After dishevelled Jane had vanished again into the powdering closet whence she had first emerged, the lady of the banished portrait moved over to Patricia and her lover. Standing side by side the resemblance between the two women was remarkable. One was the budding flower; the other the fragile shadow of a beautiful life.

"Her kind will always exist," she said. "They marry for pearl powders and other vanities, and usually seek, or are forced into, a gilded cage. There, like jackdaws, they call out their possessions from dawn till night, and the heedless world passing by sees the sparkling of the gold, mistakes the caws for singing, and applauds. I knew love—the ideal love that smiles at one from the wayside when one is seeking it in the well-kept gardens. I paid for it with my heart's blood, and I never had cause to regret. Over the rough places of my earthly journey it followed me with radiant illusions. The April winds were sweeter, the sunshine on the roads warmer. I felt all the raptures mother nature gives her children. That is why I could leave the other world to do you this service. Love is the one thing death cannot lull to sleep!"

Patricia tried to answer, but the power of speech had left her for the moment. Juma's face was glowing with peaceful smiles. He bent low on his right knee to kiss the diaphanous draperies of the shade.

Outside in the night there arose the low murmurous chanting of the town waits moving homeward. A chime of bells, as soft as a blessing. The thorns had fallen from the brows of love.

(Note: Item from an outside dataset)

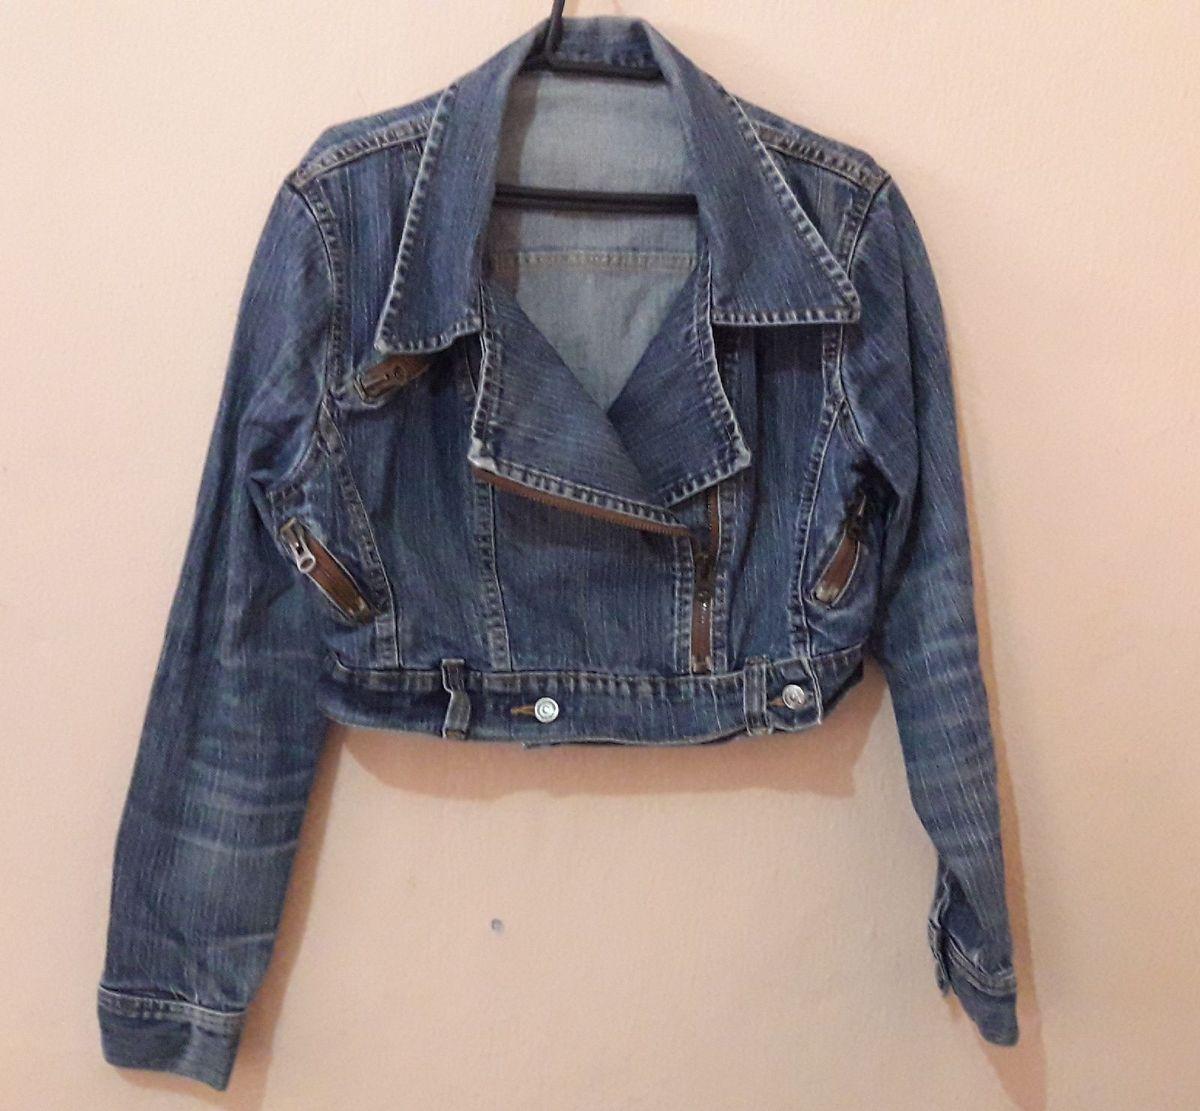 jaqueta jeans traxy - casaquinhos traxy

While Patricia's benefactress gave her message the circle of ghosts was making way for the other Knickerbockers to enter. On closer inspection, many of them proved to be tame sort of animals enough. From a distance one monster of a woman had given the impression that she was trying to bully posterity. Perhaps this was due to the long feathers in her head-dress, that nodded maliciously at her most placid motion. As she bowed to her descendants a plume tickled the tip of Jonathan's nose and he jumped back slightly. "I am Melodia Mudford Makemie," she said, "and I thought you would like to meet me, as I started the Christmas fashion of giving hot-bag covers in York."

"Hot-bag covers!" reiterated Miss Georgina, astonished. "I have always said mittens. Why, in my ancestry book it is noted that in the year 1768 you gave one hundred pairs of silk mittens to Gruel Hall, the home for tiresome gentlewomen."

"The years play great hoaxes," chuckled the ghost. "Those ancestry books are a standard joke with us, and I believe they are looked upon with some suspicion in your own world."

Melodia seemed so friendly, Julie gained courage enough to purse up her lips for a speech, but the shade anticipated her.